- Input data -
>>>

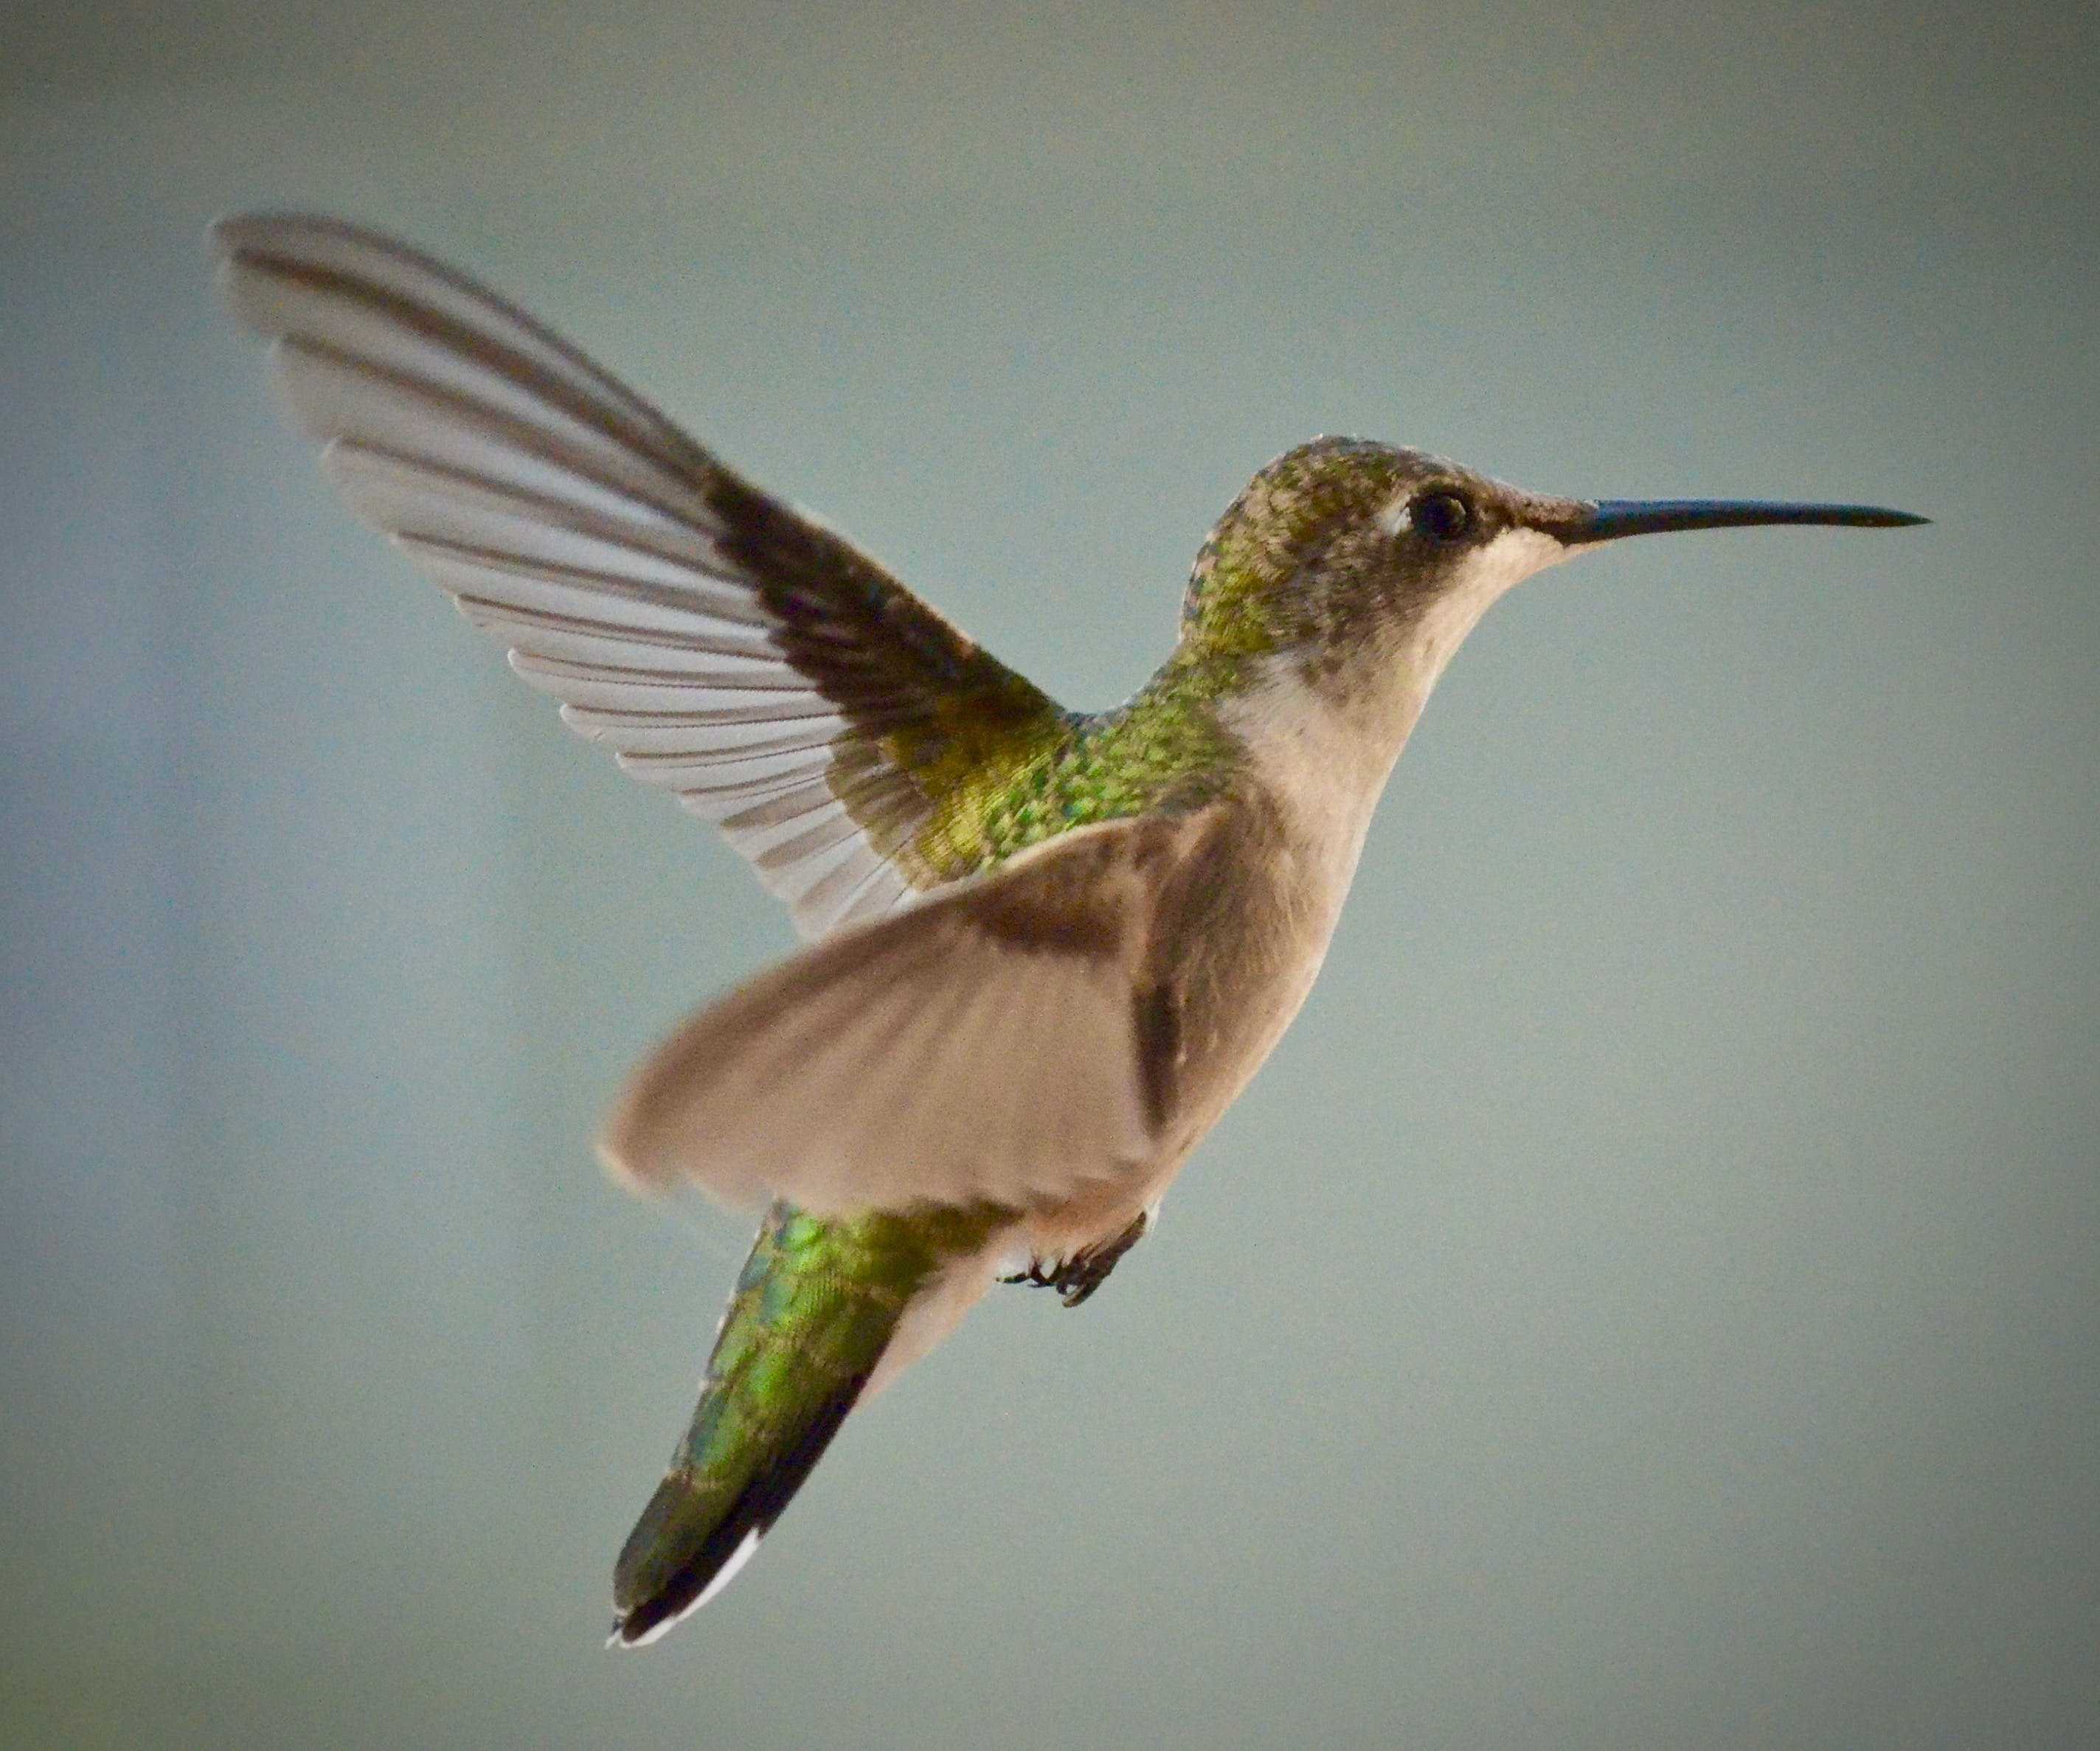 Green And Brown Hummingbird
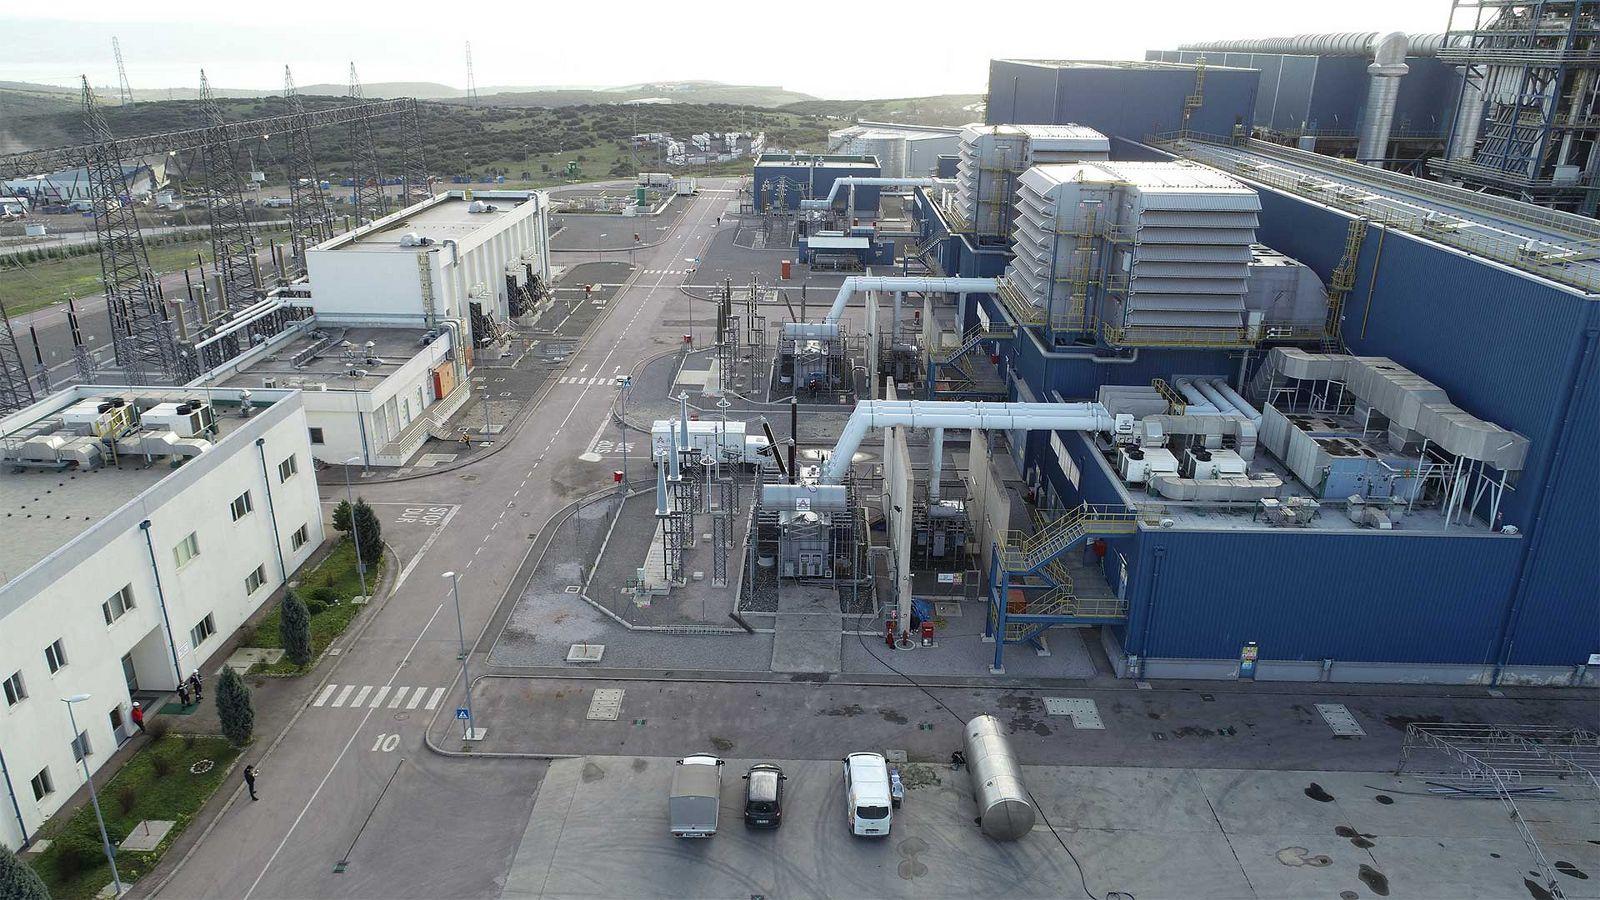 ASTOR %100 Yerli ve Milli 400/18 kV-320 MVA STEP-UP TRANSFORMATÖR
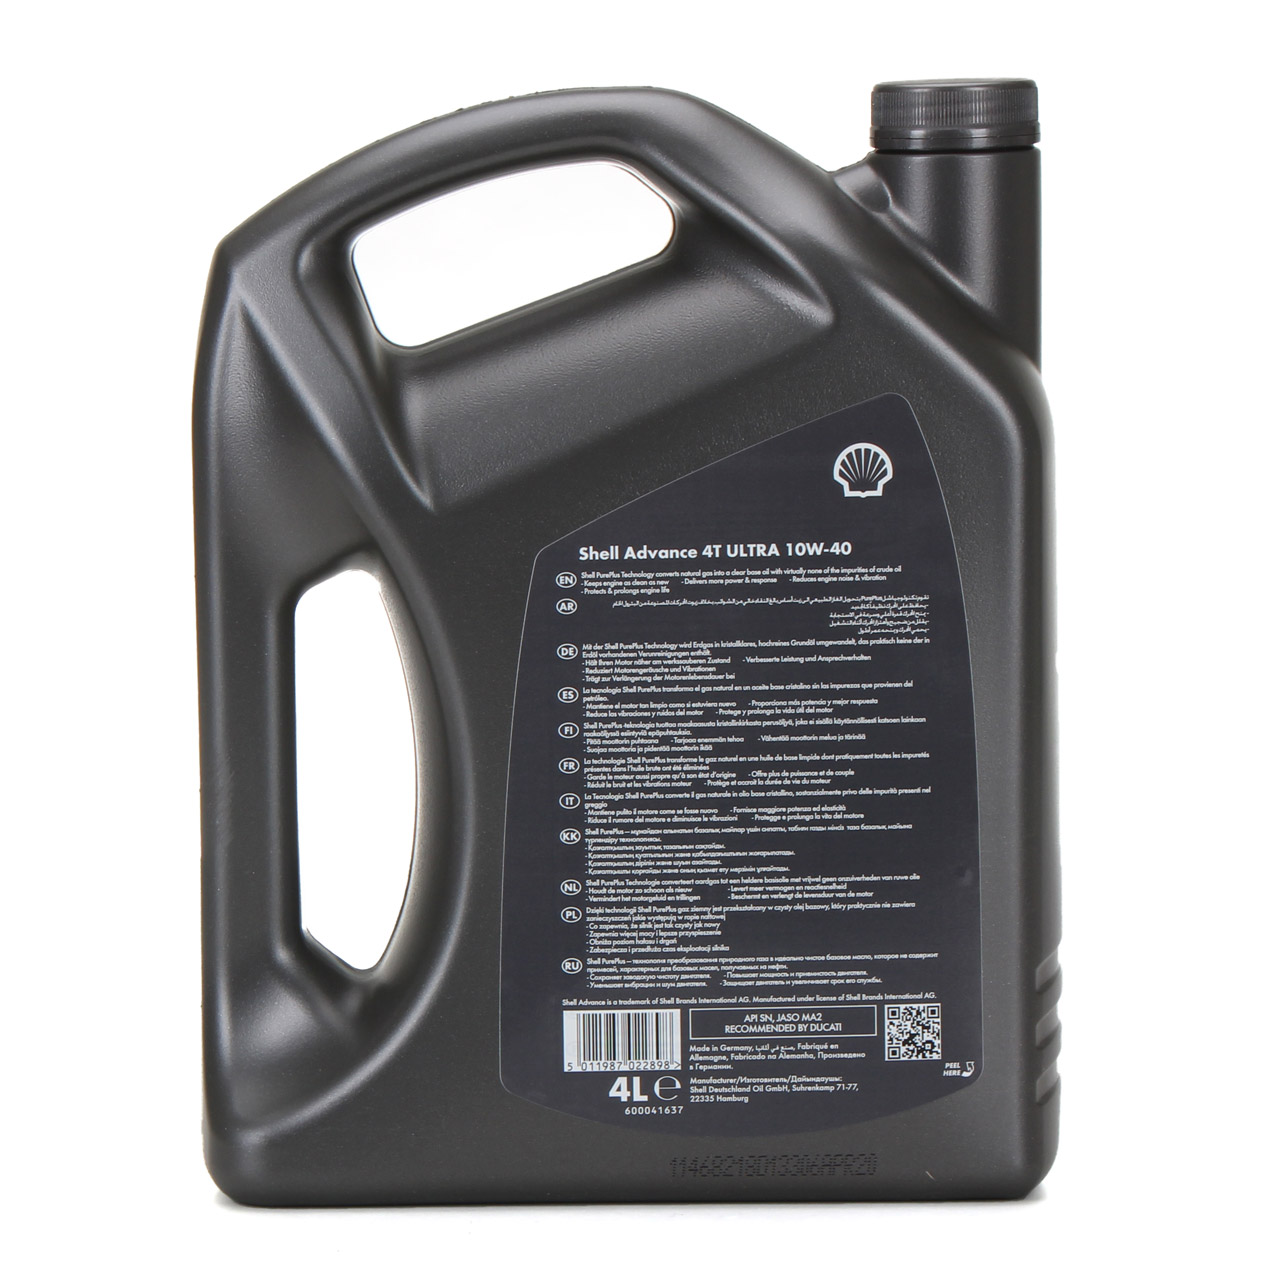 SHELL Motoröl Motorradöl Öl ADVANCE ULTRA 4T 4-TAKT 10W-40 API SN JASO MA-2 - 4L 4 Liter

<<<

- Exercise brief -
Set the listing above down again exactly, leaving pictures out.

- Result for this exercise -
 Green And Brown Hummingbird
 ASTOR %100 Yerli ve Milli 400/18 kV-320 MVA STEP-UP TRANSFORMATÖR
 SHELL Motoröl Motorradöl Öl ADVANCE ULTRA 4T 4-TAKT 10W-40 API SN JASO MA-2 - 4L 4 Liter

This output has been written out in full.